Defendant contends that inasmuch as the ramp was clearly visible plaintiff was negligent in failing to avoid his fall. Our rule has long been that visibility of a danger does not necessarily establish contributory negligence. City of Jacksonville v. Stokes, Fla. 1954, 74 So.2d 278. The question is always whether or not a plaintiff used due care under all of the circumstances, and this is ordinarily an issue for the jury. Pensacola Greyhound Racing, Inc. v. Williams, Fla.App. 1967, 193 So.2d 628; Food Fair Stores, North Dade, Inc. v. Winkelmann, Fla.App. 1961, 135 So.2d 6.
For example where a supermarket patron fell when she stepped from the sidewalk into a parking lot at a point where the parking lot allegedly was defective, it was held that the question of her contributory negligence was for the jury. Hanson v. Shell's City, Inc., Fla.App. 1961, 133 So.2d 573. And where an invitee tripped over a magazine rack by which she had been standing for some time the appellate court recognized that the plaintiff came very close to being contributorily negligent as a matter of law. Yet the court affirmed the judgment for plaintiff and acknowledged the deference with which an appellate court will treat a jury's decision in a close case. Winn-Dixie Stores, Inc. v. Holmes, Fla.App. 1966, 190 So.2d 19.

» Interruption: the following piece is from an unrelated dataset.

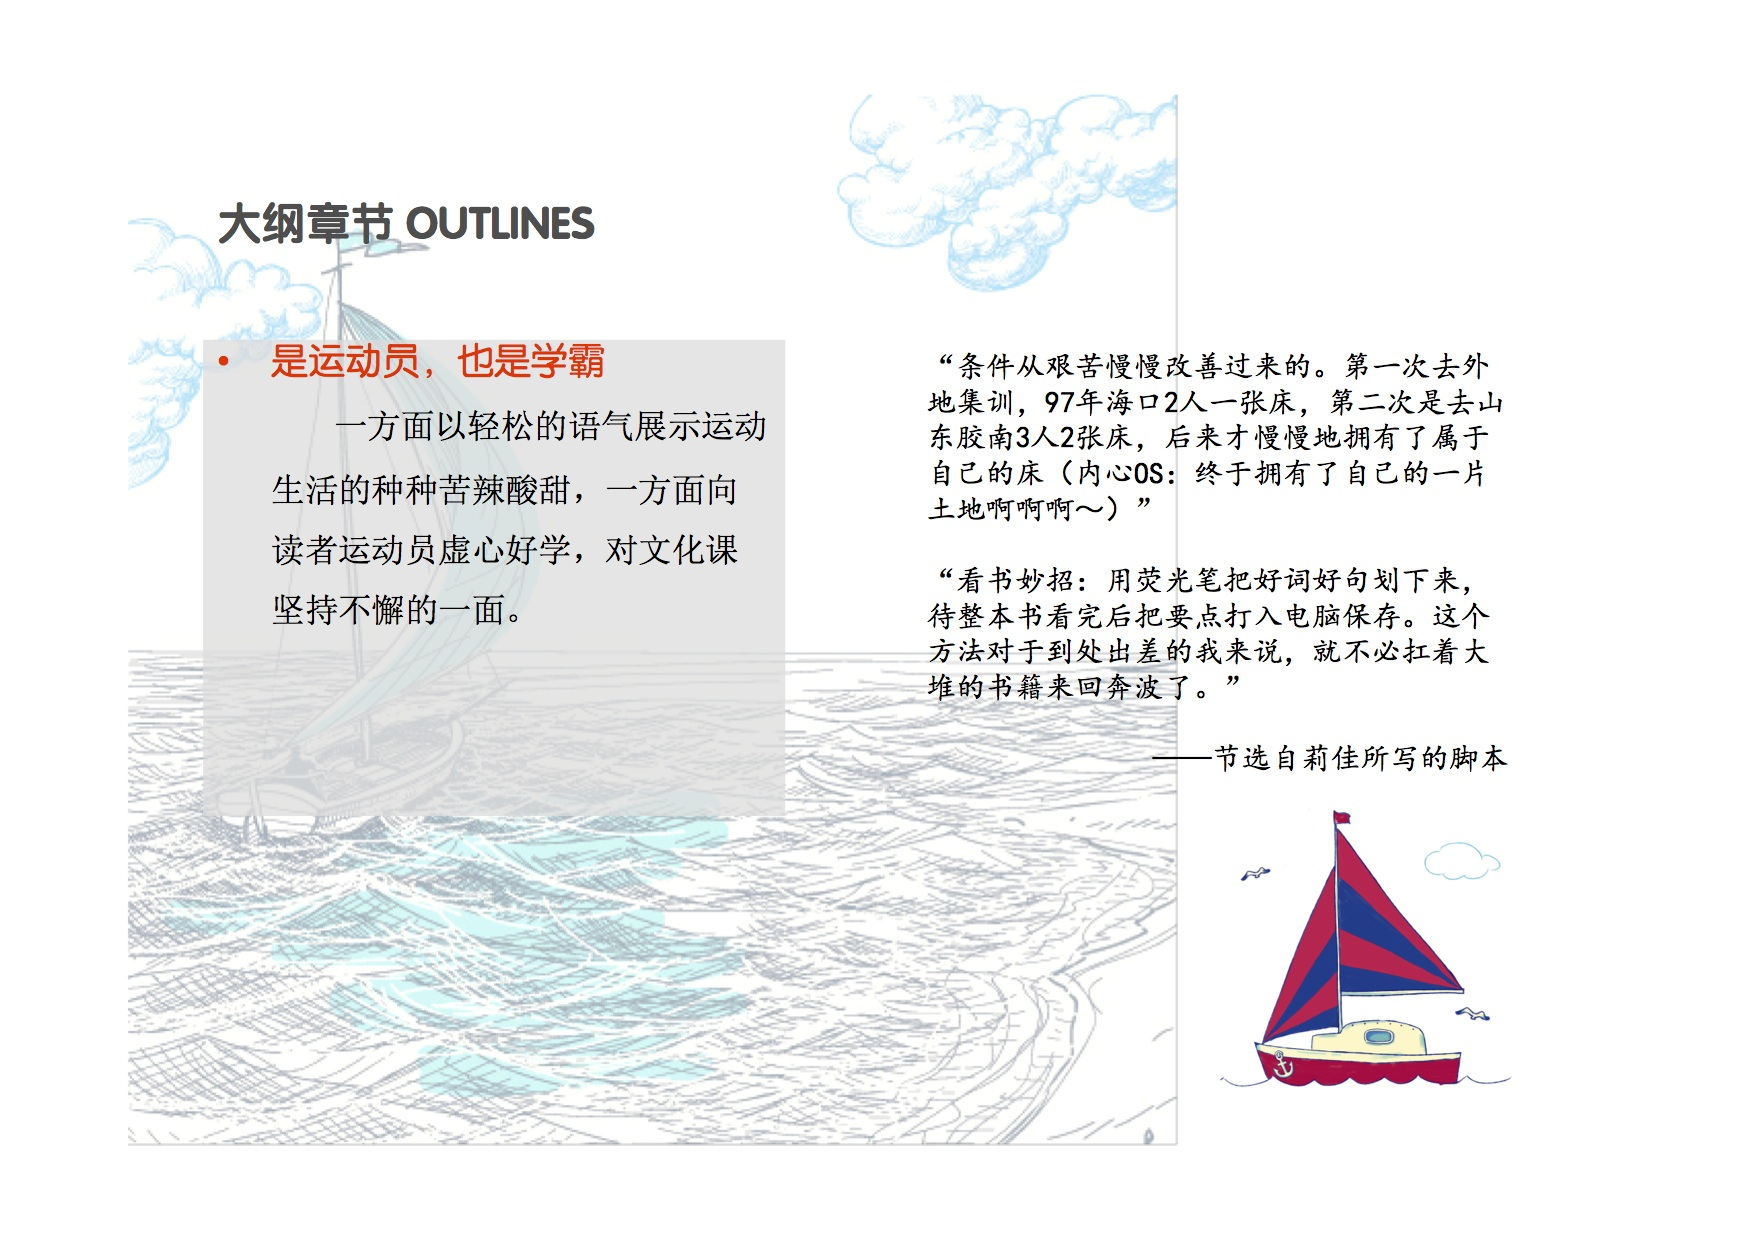 徐莉佳,帆船 一起来支持徐莉佳帆船漫画系列书 绘本帆船创作企划案7.jpg

Whether or not plaintiff exercised reasonable care for his own safety was a debatable question, albeit barely so. It therefore lay within the province of the jury for resolution.
In view of testimony that the ramp in question was constructed subsequent to the walkway and was not constructed in a workmanlike manner, the question of defendant's negligence vel non was also for the jury's resolution.
Accordingly the trial court's final judgment for defendant is reversed and this cause is remanded with directions to reinstate the jury verdict for plaintiff.
WALDEN, J., concurs.
OWEN, J., dissents, with opinion.
In my opinion the trial court correctly granted the defendant's motion for directed verdict because the plaintiff was guilty of contributory negligence as a matter of law. I would affirm the judgment.
The evidence is clear that just minutes before his injury he had twice stepped across the vertical edge of the cart ramp that had been cut into the walkway in front of the store. This fact alone would be sufficient to charge the plaintiff with the duty to see that which was obvious upon the ordinary use of his senses.
Chambers v. Southern Wholesale, Fla. 1956, 92 So.2d 188; Matson v. Tip Top Grocery Co., 1942, 151 Fla. 247, 9 So.2d 366; Grall v. Risden, Fla.App. 1964, 167 So.2d 610; Andrews v. Goetz, Fla.App. 1958, 104 So.2d 653.
But this case does not need to turn on the question of whether the plaintiff failed to see that which he should have seen. Plaintiff testified that he knew the ramp was there. With such actual knowledge he nonetheless stepped upon the vertical edge of the cutaway portion which action caused him to sustain his injury. Under such circumstances, he was guilty of contributory negligence as a matter of law.
Dewar v. City of Miami, Fla. 1957, 93 So.2d 58; Stueber v. Maintenance, Inc., Fla.App. 1967, 205 So.2d 305.
Where the undisputed evidence shows that a plaintiff is guilty of negligence which proximately contributes to the cause of his injury, it becomes a duty of the court to direct a verdict against the plaintiff and his failure to do so is reversible error.
6345 Collins Avenue v. Fein, Fla. 1957, 95 So.2d 577; Faulk v. Parrish, Fla. 1952, 58 So.2d 523.